## Exercise details:
In the listing below, find the line that contains "Σύμφων α με" and the line that contains "日本A5和牛的最完美料理方式：夏慕尼新香榭鐵板燒". Quote both and every line between them, exactly, and nothing more.

## Supplied data:
******************************

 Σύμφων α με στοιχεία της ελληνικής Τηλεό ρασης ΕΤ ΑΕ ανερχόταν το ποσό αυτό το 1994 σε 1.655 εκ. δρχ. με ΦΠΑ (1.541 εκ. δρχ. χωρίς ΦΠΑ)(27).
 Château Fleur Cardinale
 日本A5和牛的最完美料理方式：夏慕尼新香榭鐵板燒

******************************

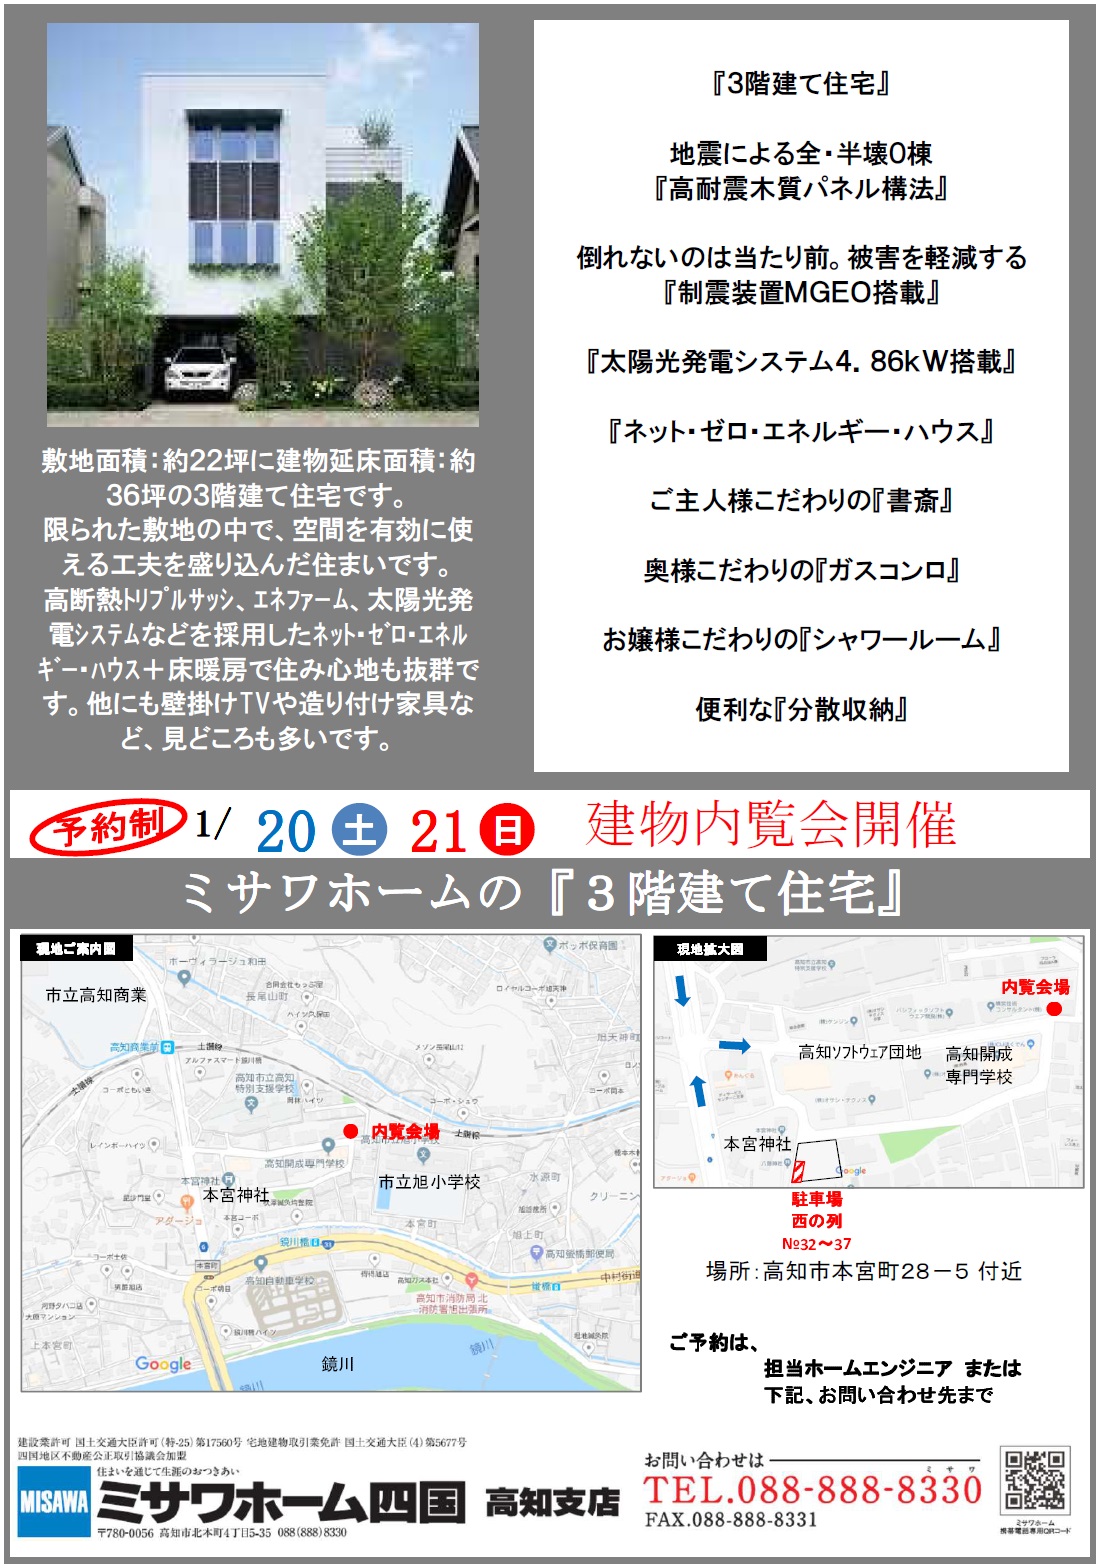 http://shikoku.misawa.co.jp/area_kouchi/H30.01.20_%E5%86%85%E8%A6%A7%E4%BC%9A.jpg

******************************

## Response for this exercise:
 Σύμφων α με στοιχεία της ελληνικής Τηλεό ρασης ΕΤ ΑΕ ανερχόταν το ποσό αυτό το 1994 σε 1.655 εκ. δρχ. με ΦΠΑ (1.541 εκ. δρχ. χωρίς ΦΠΑ)(27).
 Château Fleur Cardinale
 日本A5和牛的最完美料理方式：夏慕尼新香榭鐵板燒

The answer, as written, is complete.